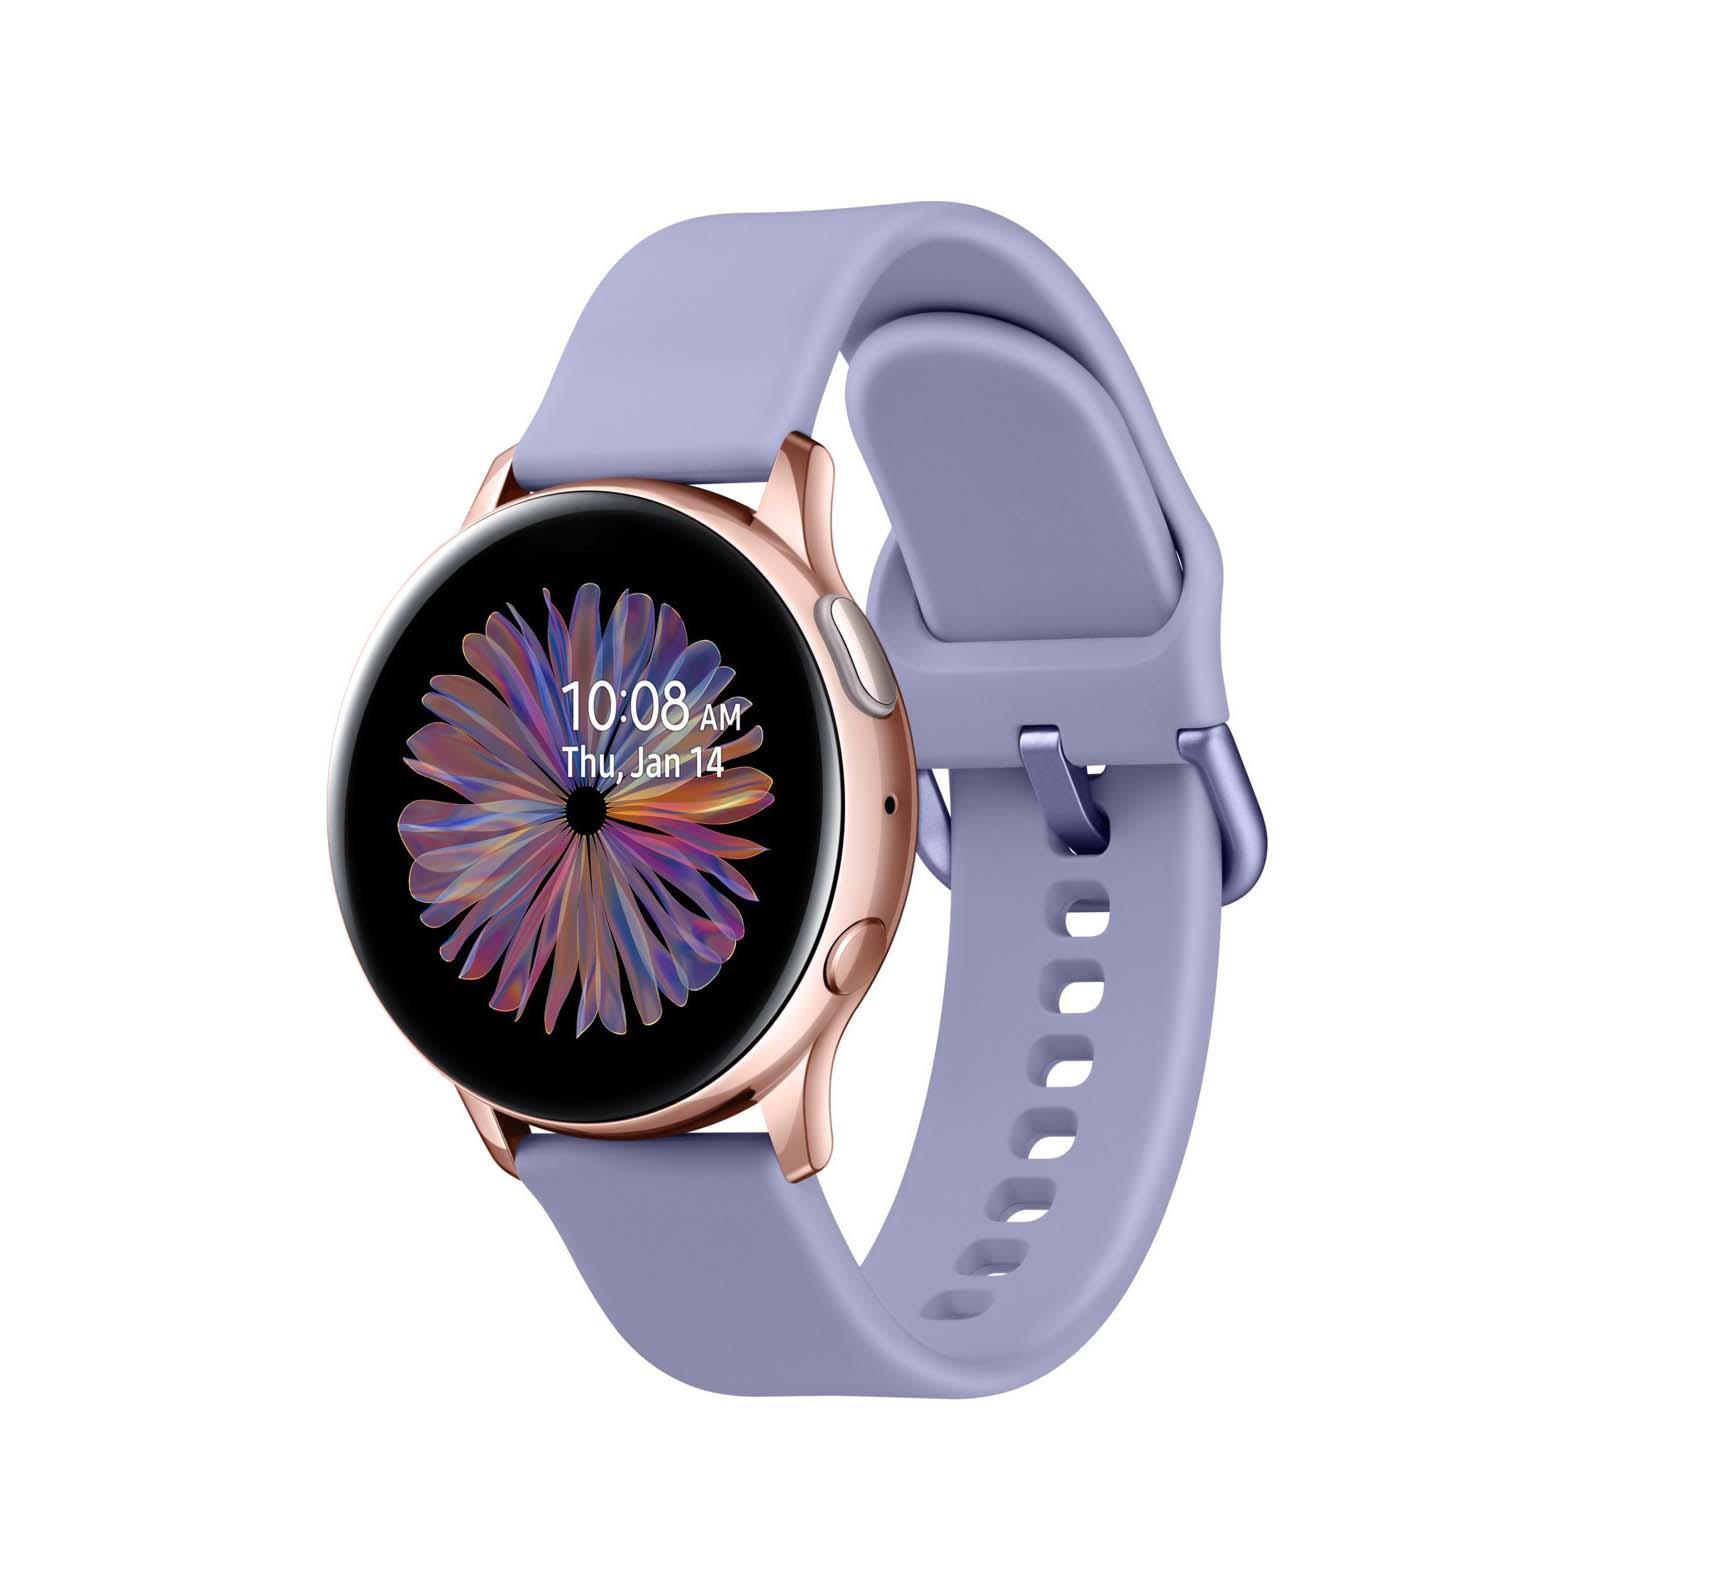 Samsung Galaxy Watch Active 2 R830 Aluminium 40mm Rose Gold Violet Edition (SM-R830NADADBT) Πληρωμή έως 24 δόσεις*
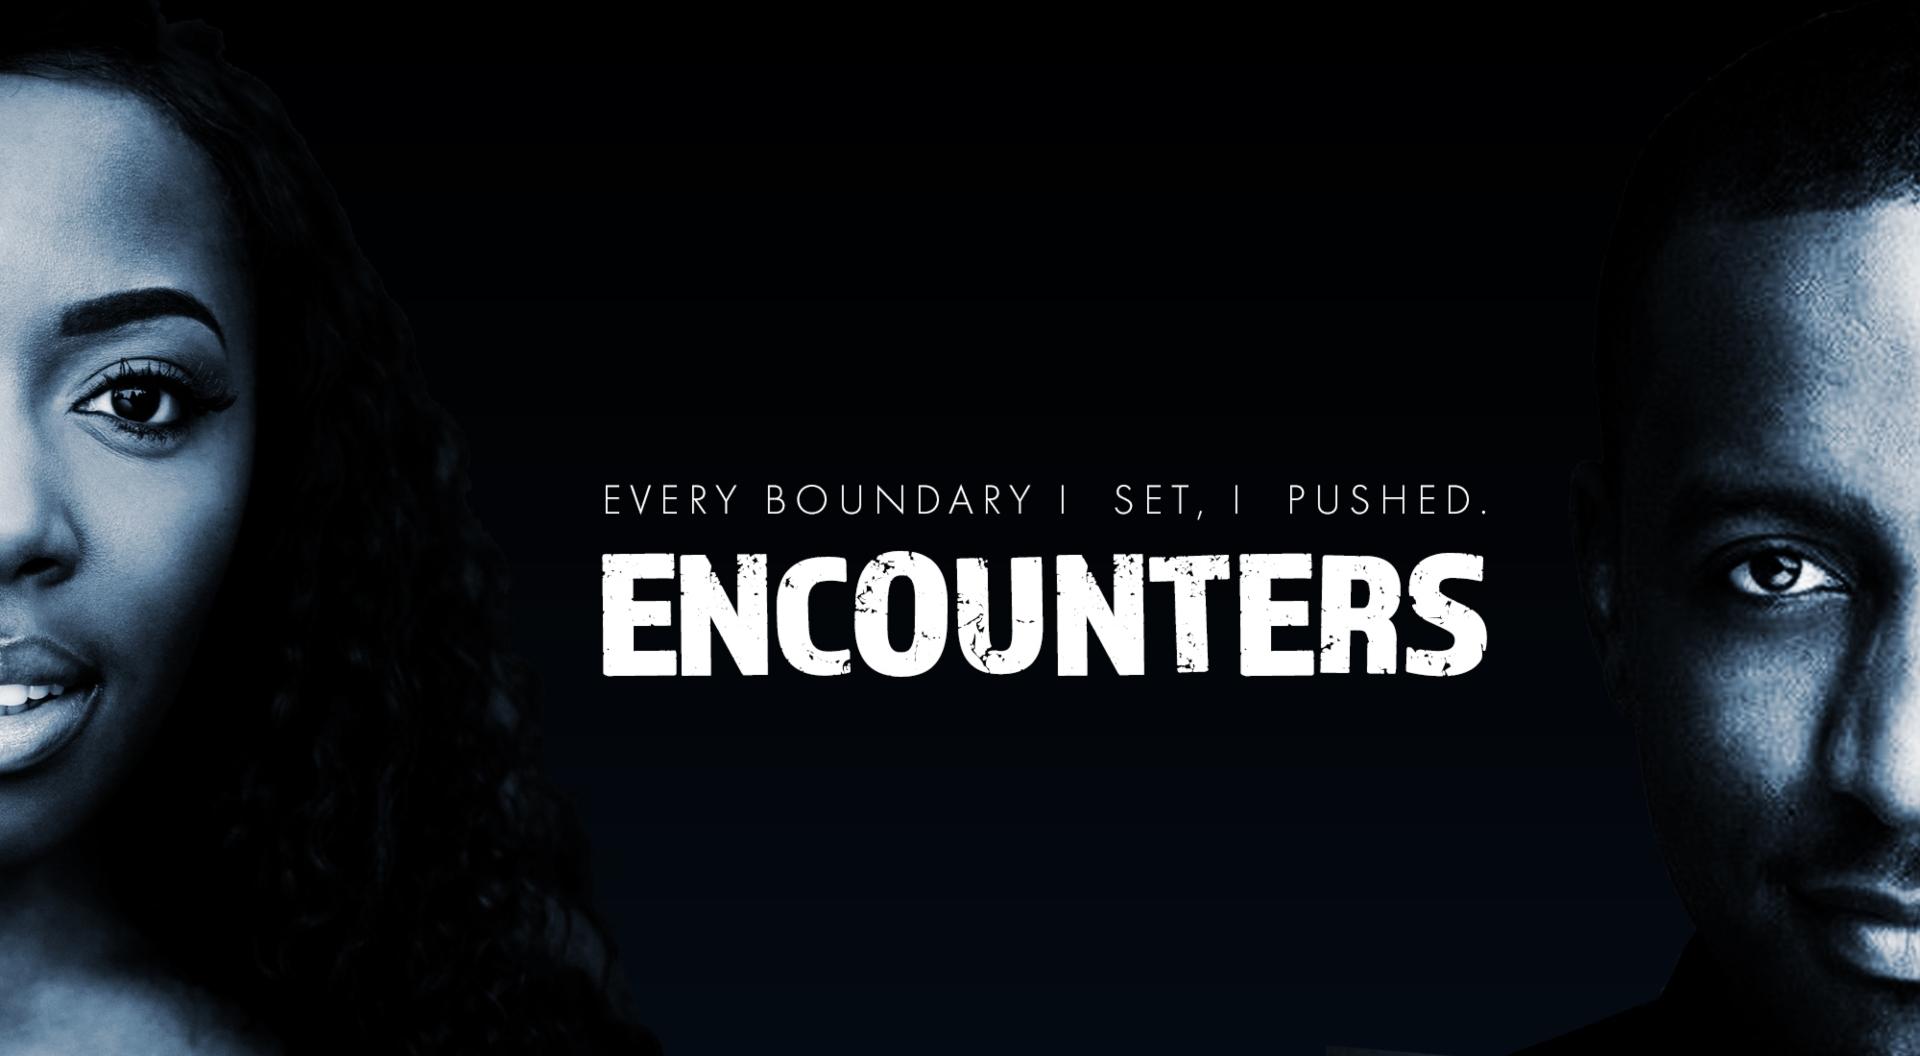 Encounters, Episode 1
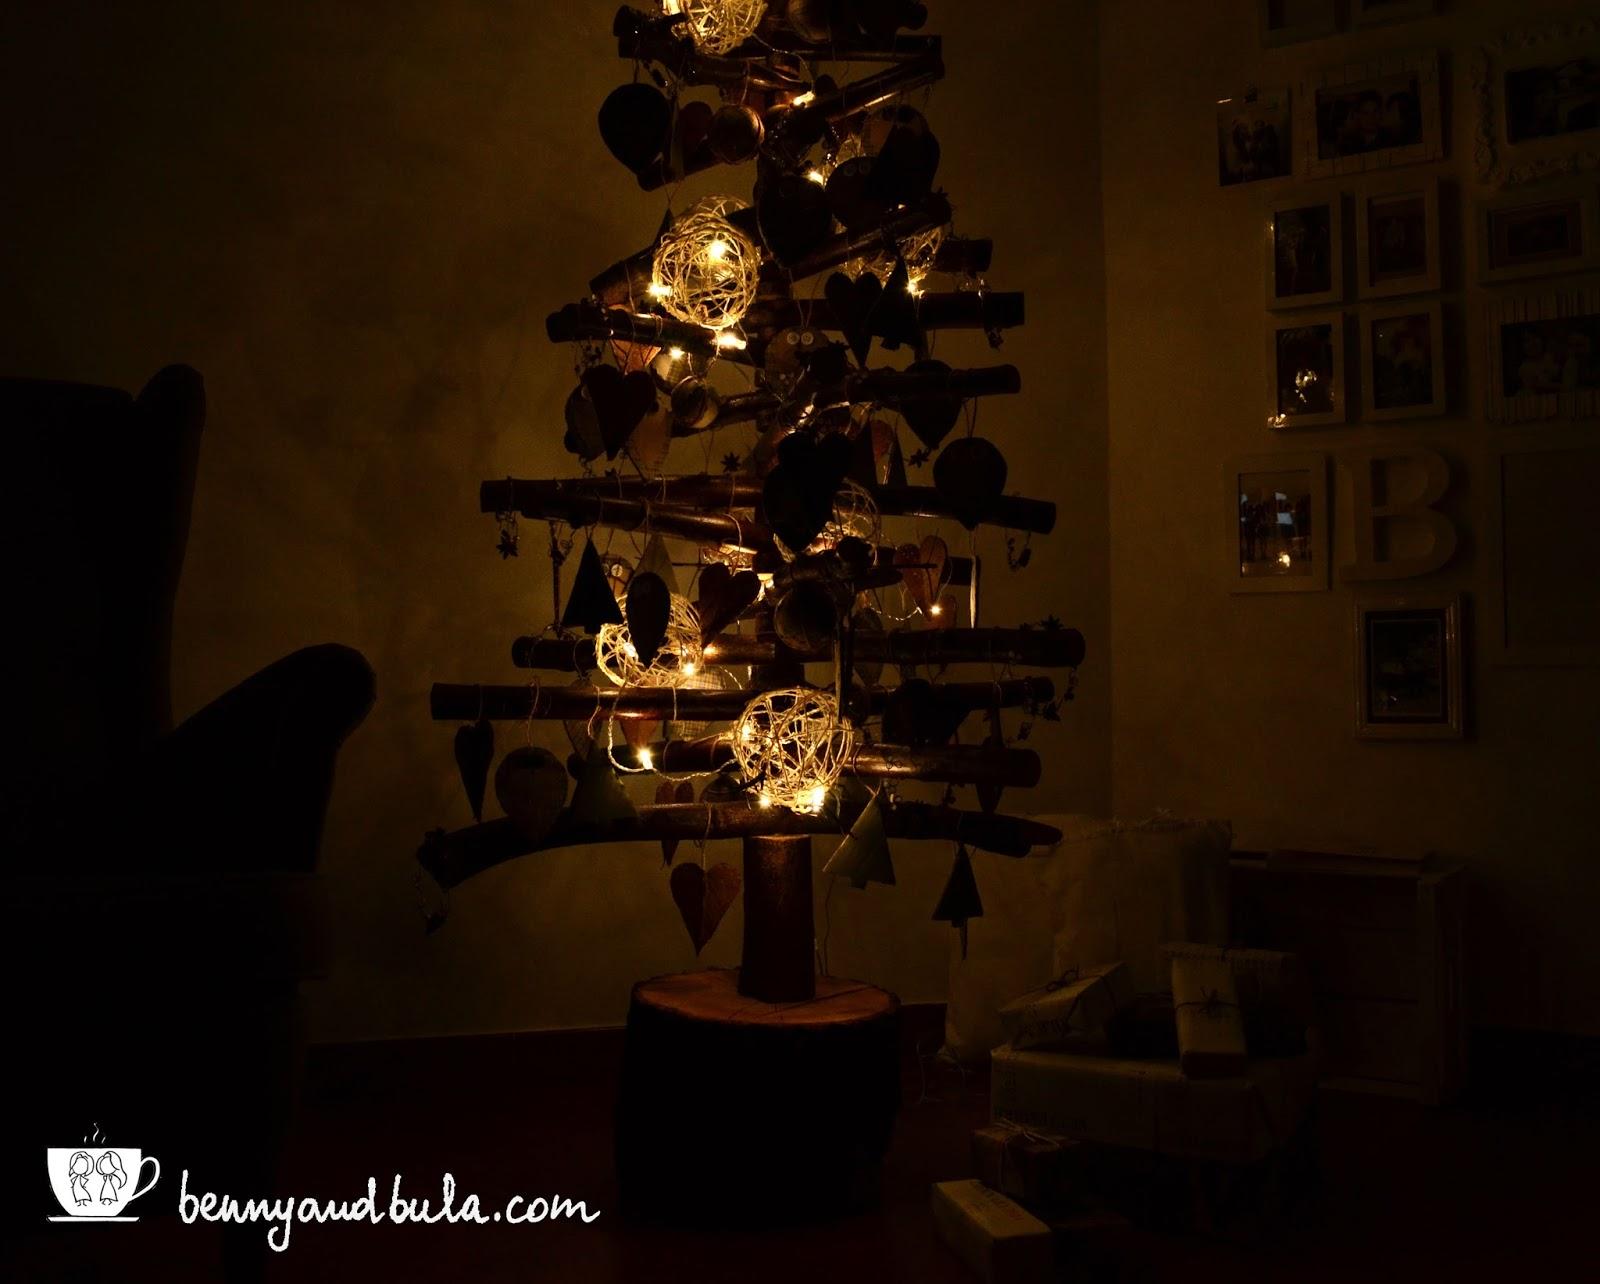 Albero di Natale, luci di sera/DIY Christmas Tree by night
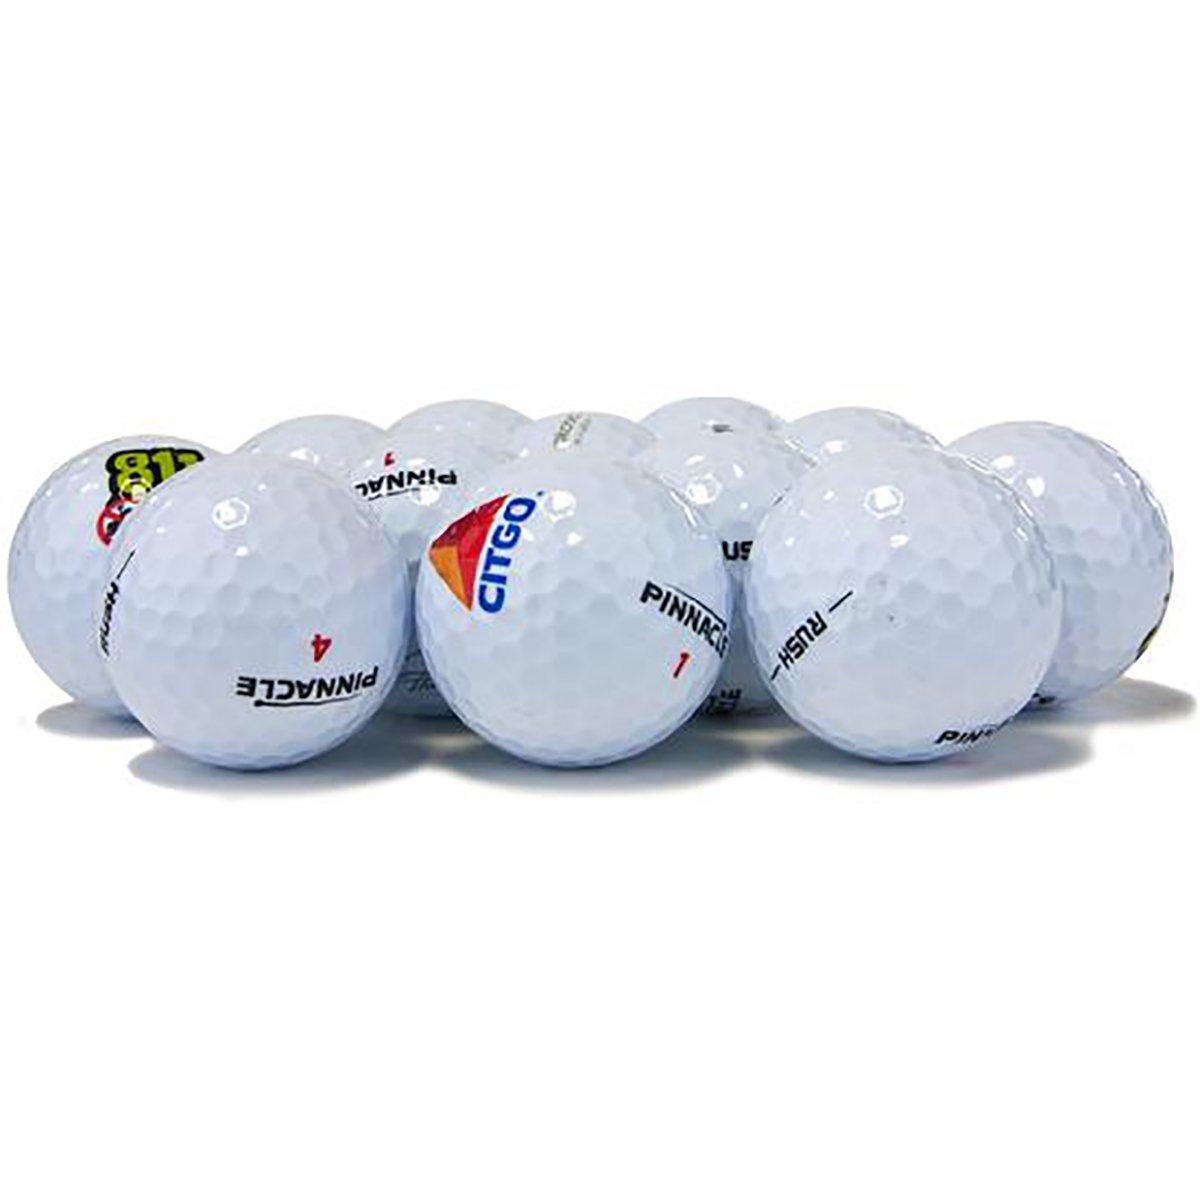 Pinnacle Assortedロゴオーバーランゴルフボール3ダース36ボール) B01KK65G9S

Required action:
Give the data again exactly as written, with all pictures left out.

Expected output:
 Samsung Galaxy Watch Active 2 R830 Aluminium 40mm Rose Gold Violet Edition (SM-R830NADADBT) Πληρωμή έως 24 δόσεις*
 Encounters, Episode 1
 Albero di Natale, luci di sera/DIY Christmas Tree by night
 Pinnacle Assortedロゴオーバーランゴルフボール3ダース36ボール) B01KK65G9S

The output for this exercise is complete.